## What you will do
Transcribe exactly, and without pictures, the lines from the one that contains "2015 Yamaha YZF" through the last line of the material.

## Stored data

=======

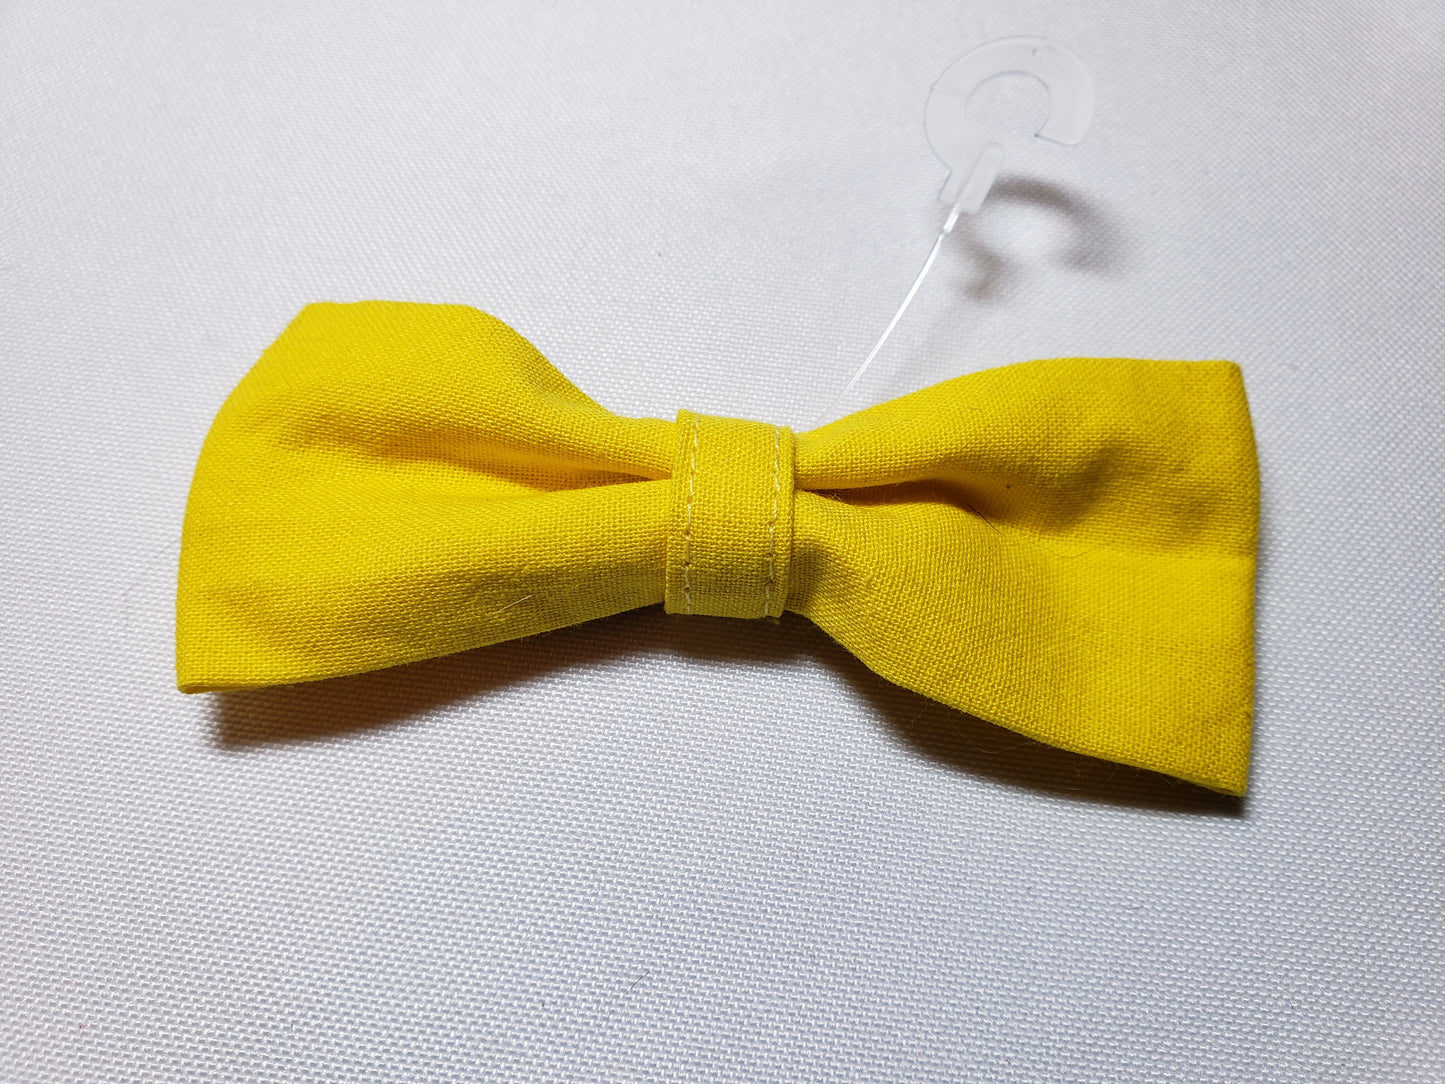 Bright Yellow Over-the-Collar Pet Bow / Bowtie (Old Style)
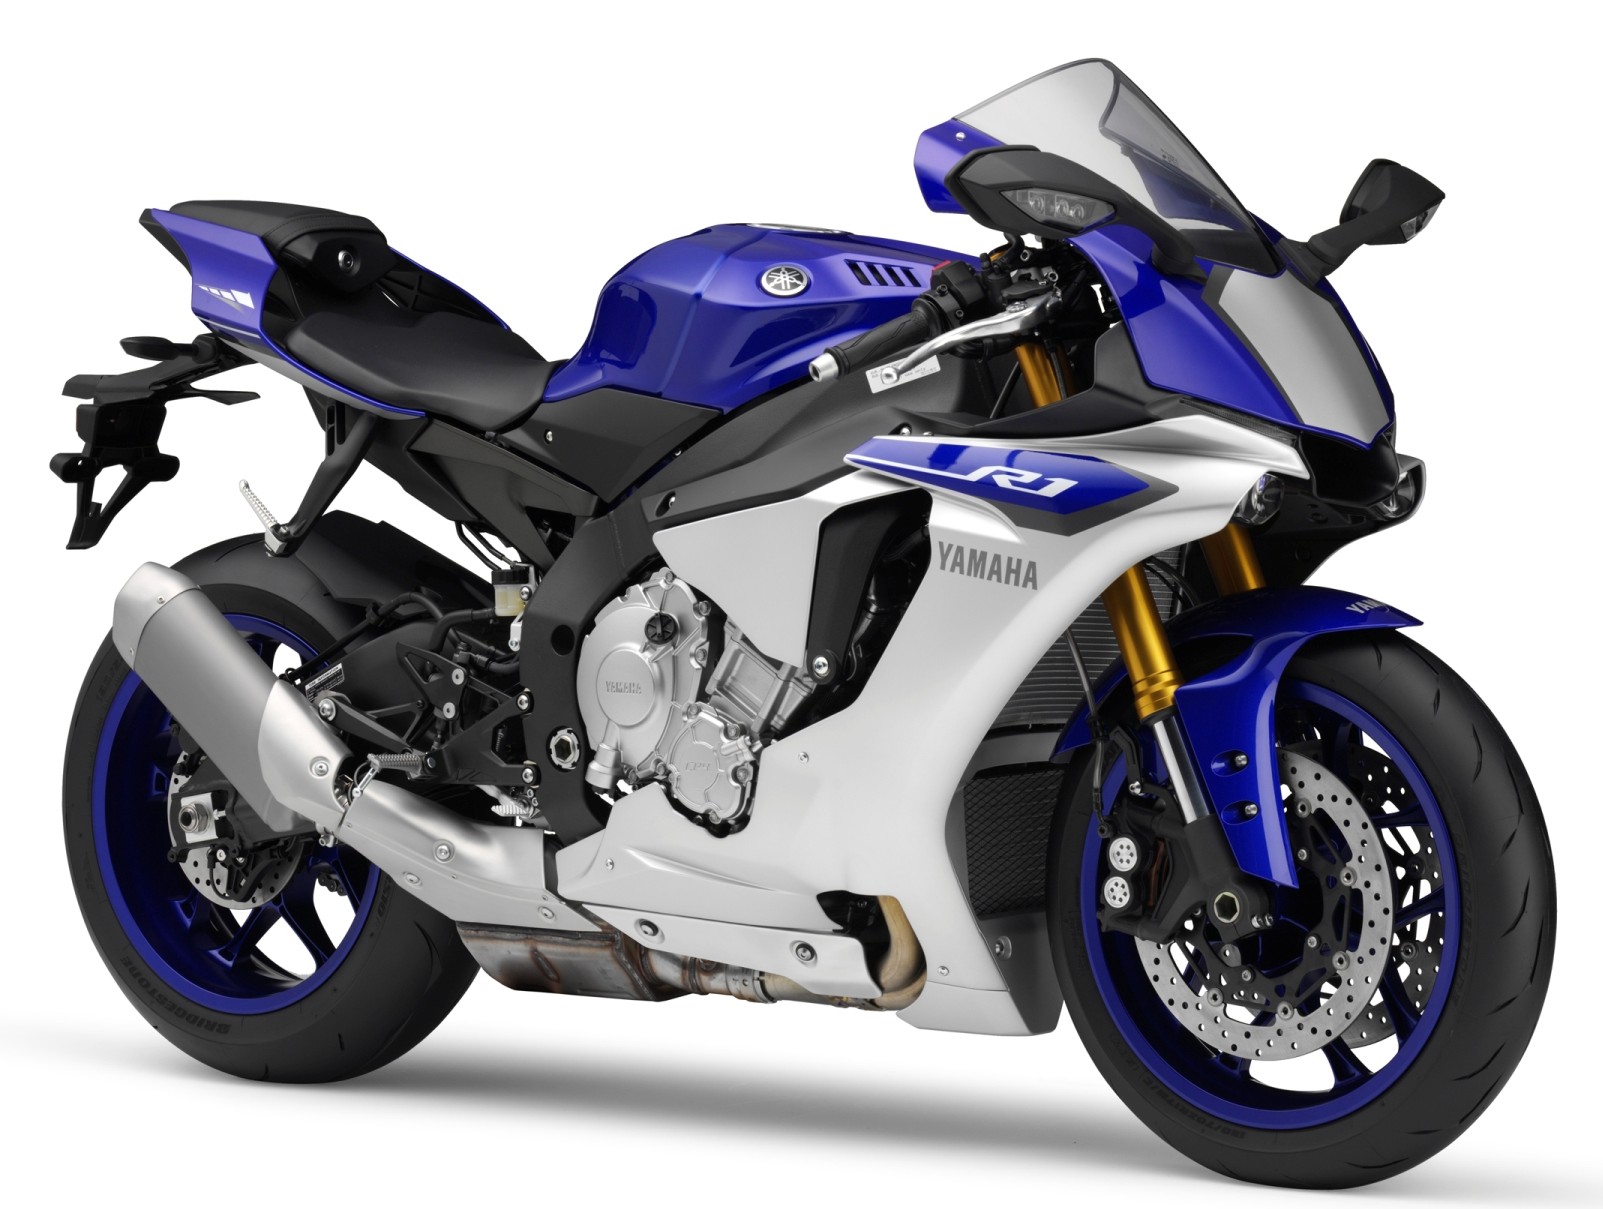 2015 Yamaha YZF R1 & R1M Launched in India: Prices, Details
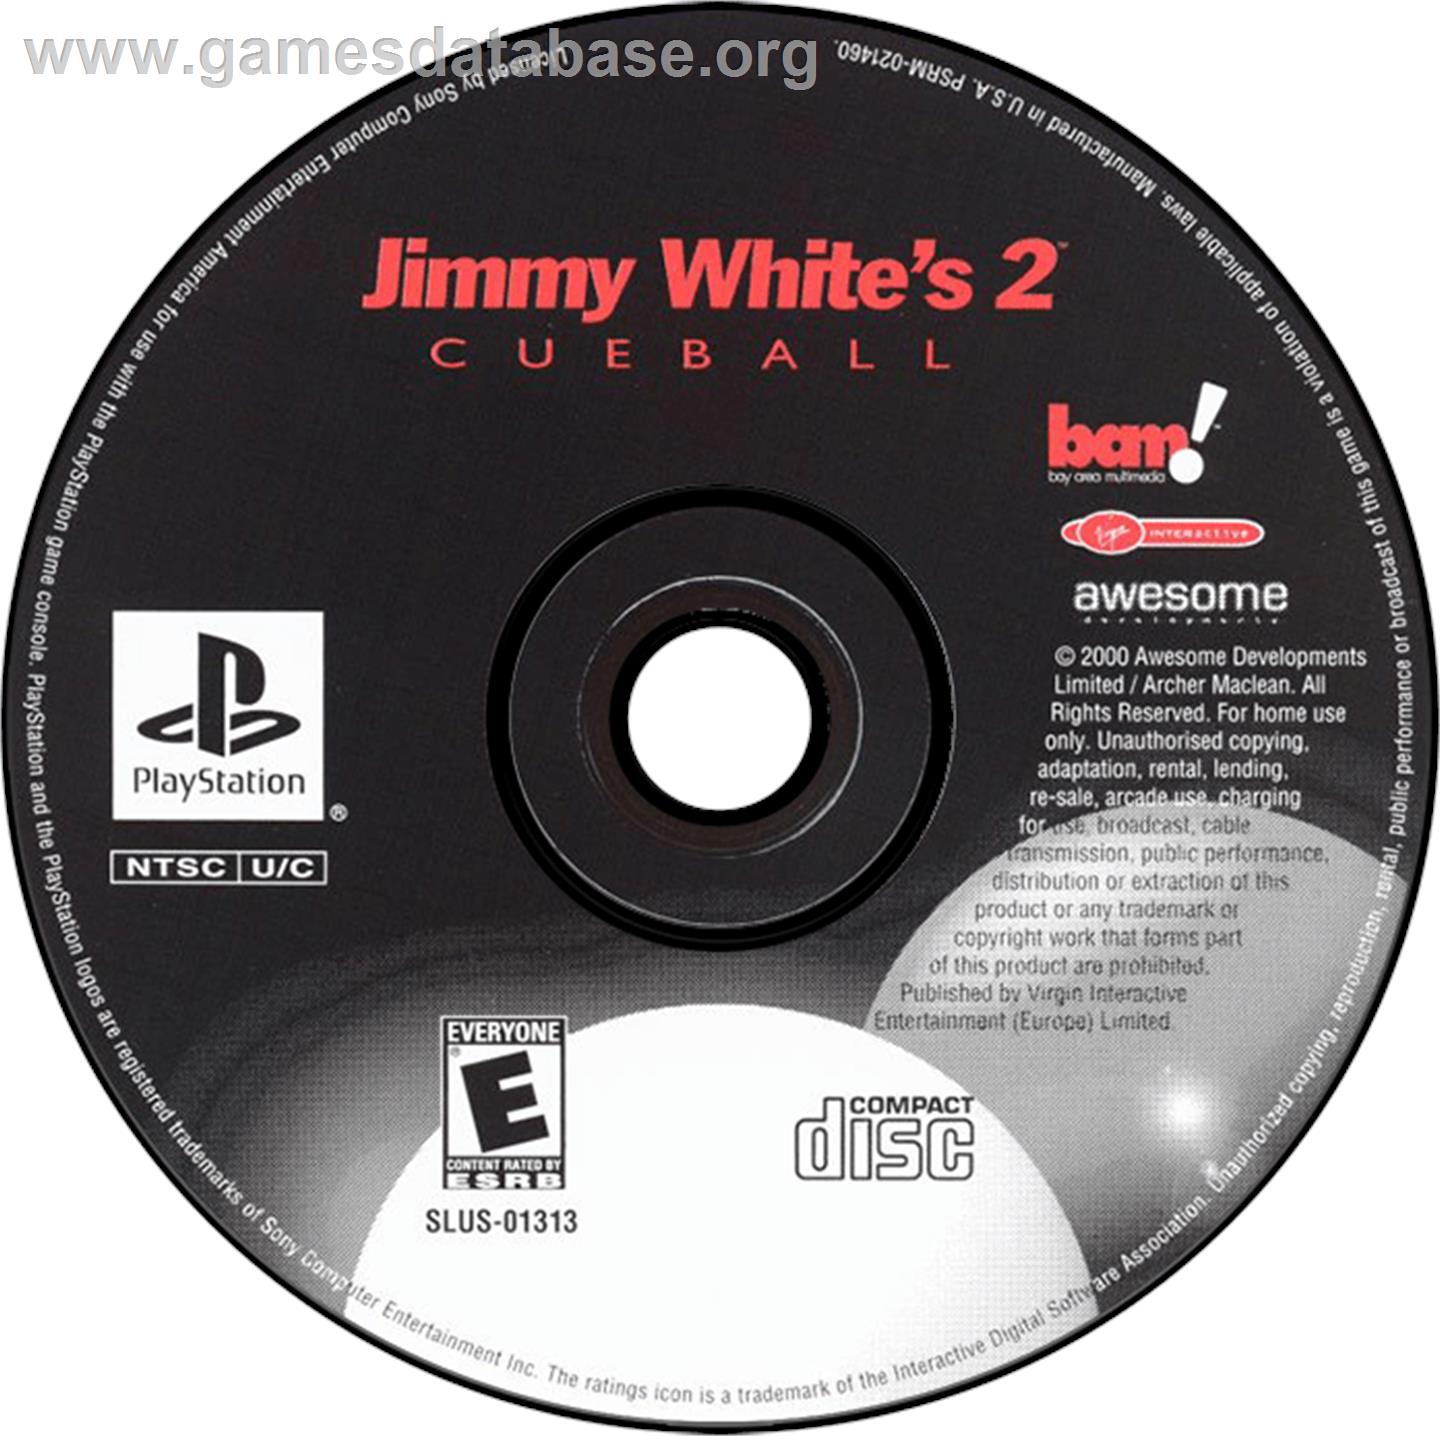 Jimmy White's 2: Cueball - Sony Playstation - Artwork - Disc

=======

## Answer below
 2015 Yamaha YZF R1 & R1M Launched in India: Prices, Details
 Jimmy White's 2: Cueball - Sony Playstation - Artwork - Disc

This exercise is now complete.